Я еще крепче стиснула талию мирмидонца. Вода была прохладной, осень все-таки, и тело у меня задубело, будто корень прибрежного дерева, охваченный льдом. Лишь от Тихона исходило тепло.
Рывком, от которого я чуть не опрокинулась, мы начали скачку. Я закрыла глаза и приникла к спине Тихона, чтобы защитить лицо. Дитя солнца, он согревал мои конечности, прогоняя холодных змеек. Морская пена больше не жалила мне щеки, и шум от нашей поездки превратился в далекое слабое жужжание. Казалось, мы покинули воду и подались в воздух, наш могучий Пегас забирается все выше в небо и вот-вот вернет Фаэтона его отцу, Солнцу.
Открыв глаза, я стала искать огненных коней, впряженных в солнечную колесницу. Но нет, мы по-прежнему были в воде. Наш скакун нес нас к маленькому островку, с трех сторон окруженному высокими зубчатыми скалами, похожими на гребни гигантских петухов. Тихон соскользнул со спины гиппокампа и следом за собой втянул меня на мелководье. Дружески похлопав гиппокампа, отпустил его. На прощанье тот, вроде как в голодном раздумье, поглядел на мою ногу и, вспенив воду, пересек узкий залив.
– Он немного ревнует, – рассмеялся Тихон.

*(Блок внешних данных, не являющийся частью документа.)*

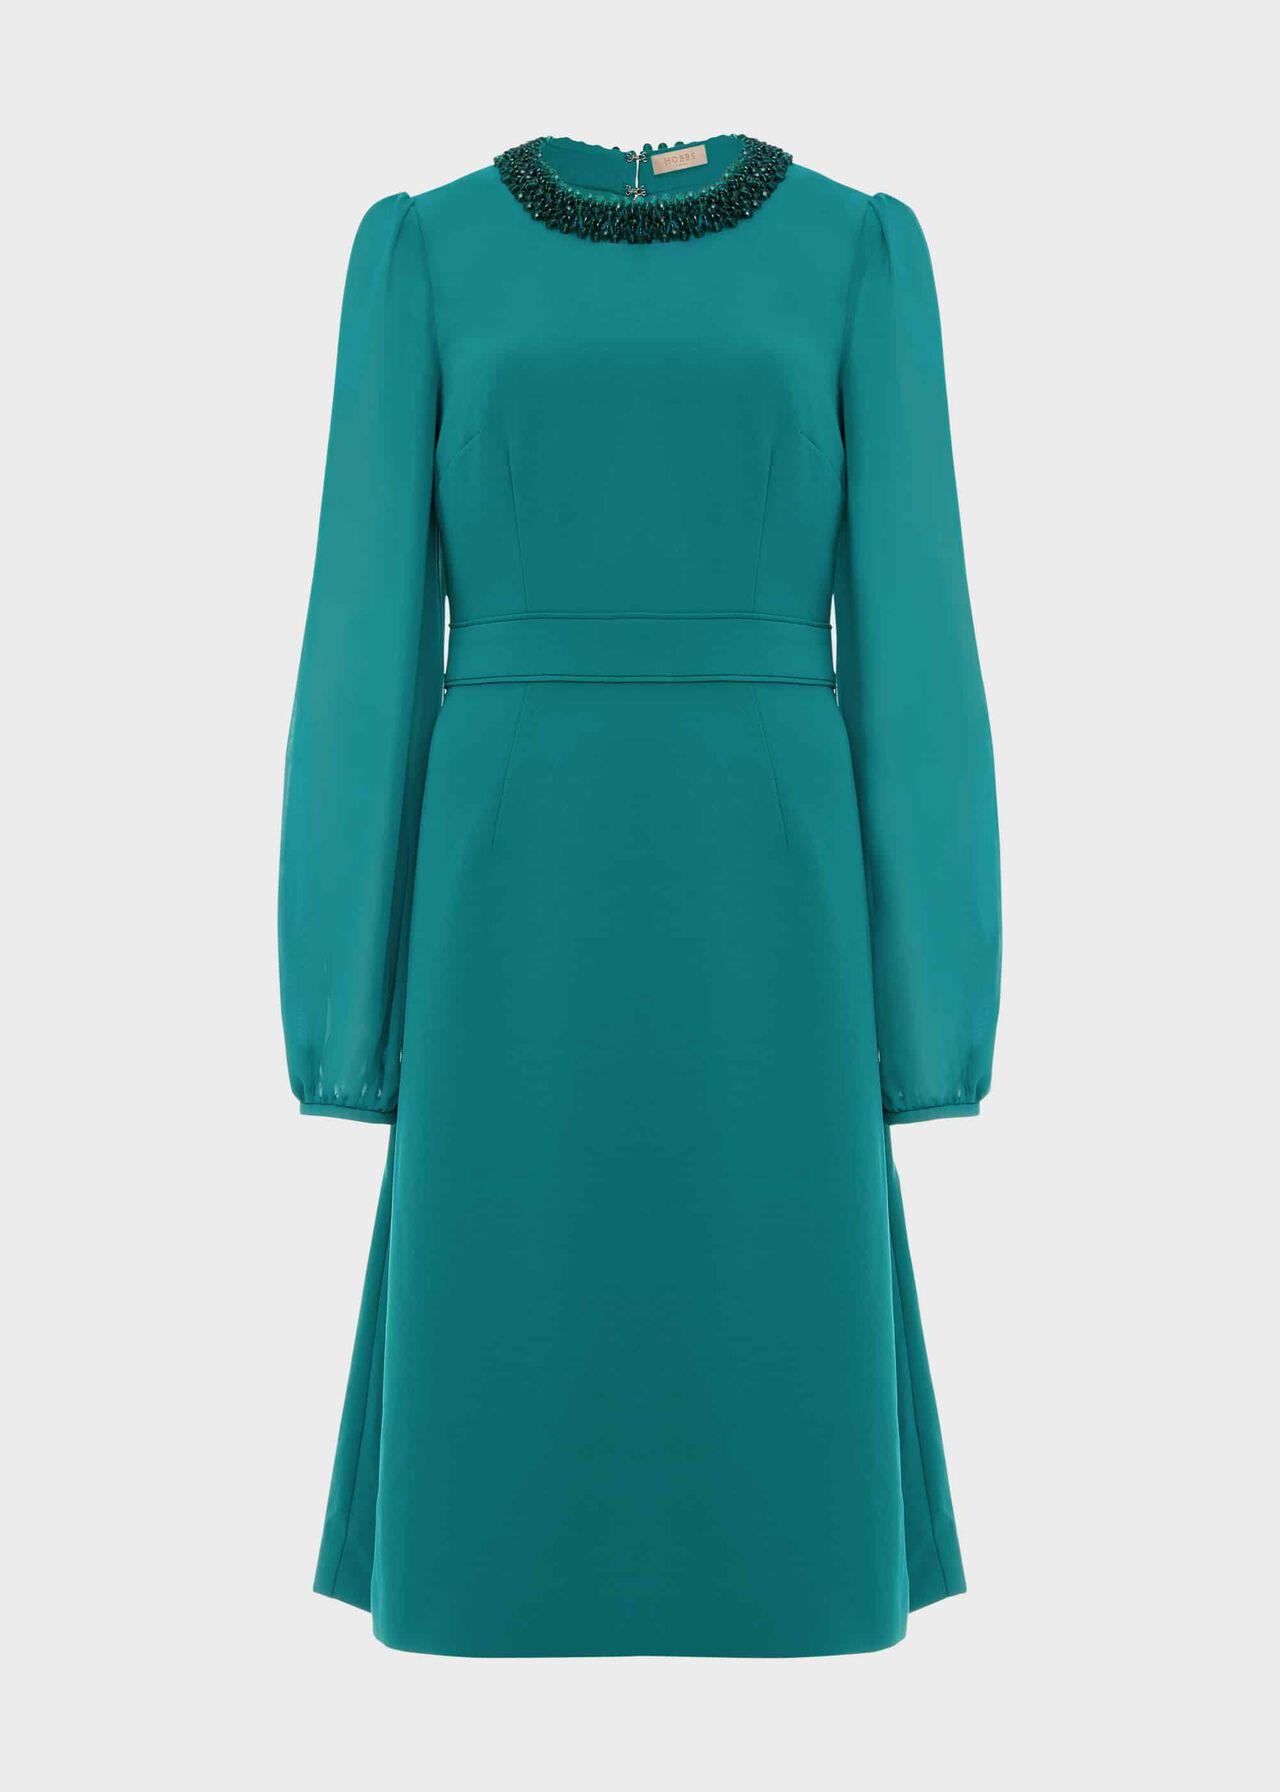 Jada Beaded Dress Jade
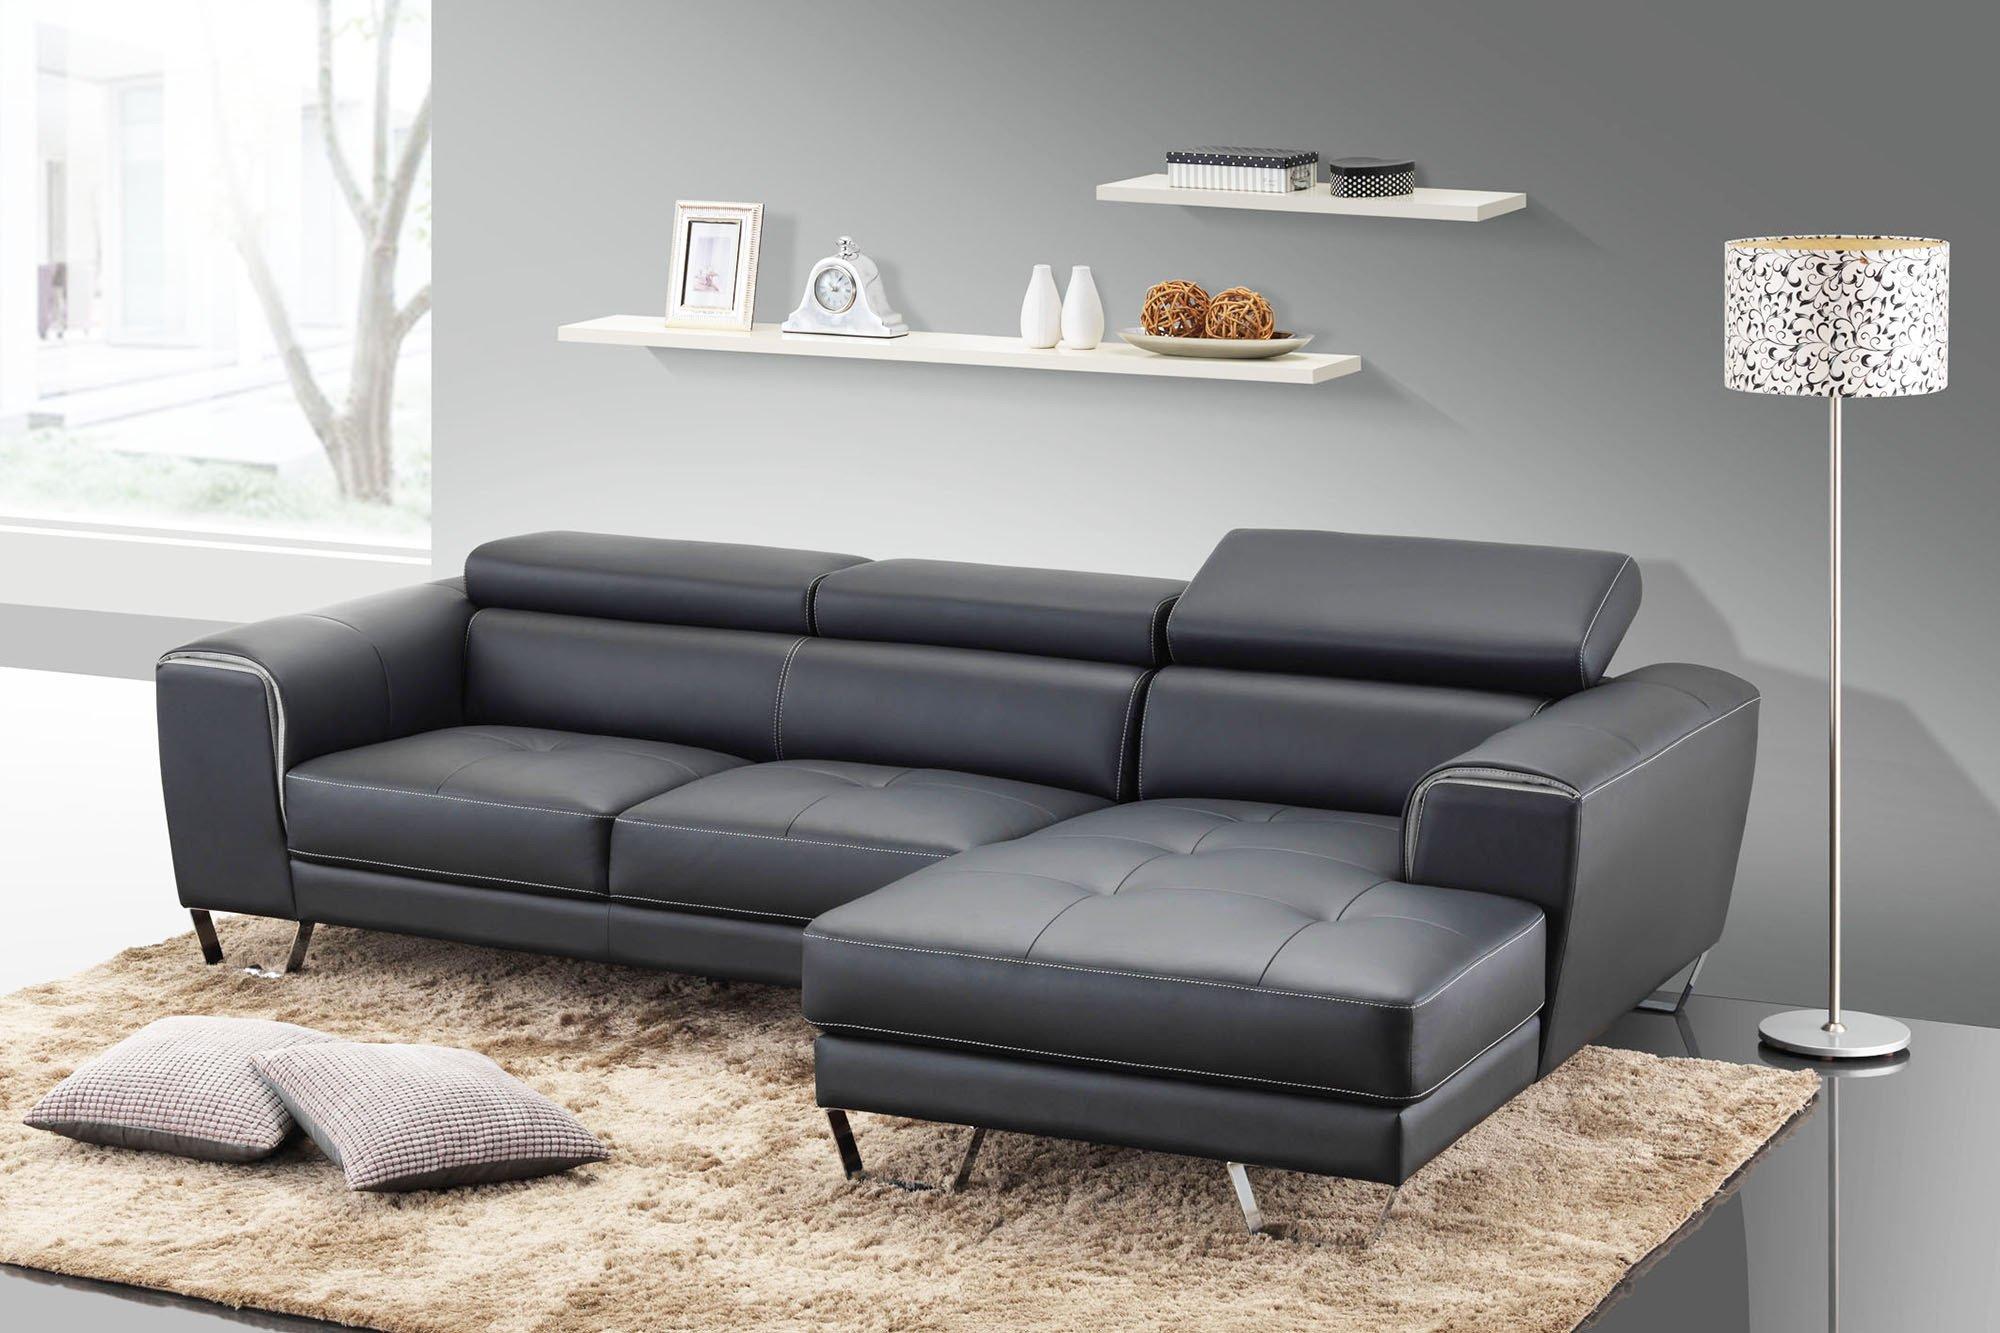 Vai trò của sofa văn phòng đối với các doanh nghiệp

– Он действительно укусил бы меня?
– Если бы я повернулся спиной. Они как дети. Думают, будто им можно все, что угодно, если на них не смотрят.
– Я рада, что он не вцепился мне в ногу, – пробормотала я.
Мы двинулись вброд к узкому каменистому пляжику. Сосны склоняли со скал кроны, точно девчонки расчесывали волосы. Дикая лаванда облепила иззубренные скалы, как будто пытаясь скрыть их острые края, а перья папоротника взъерошивались на ветру, не крепче того, который вызывают крылья зимородка. Залив моря и уголок суши, смешивая соль и зелень, встретились в нежной отчужденности. Похоже было на то, как если бы мы проникли в одну из тех душистых стеклянных бутылей, которые выдувают финикийские ремесленники.
– Я наблюдал за тобой некоторое время, – признался Тихон. – Думал, ты меня так и не заметишь. И не смел подъехать ближе.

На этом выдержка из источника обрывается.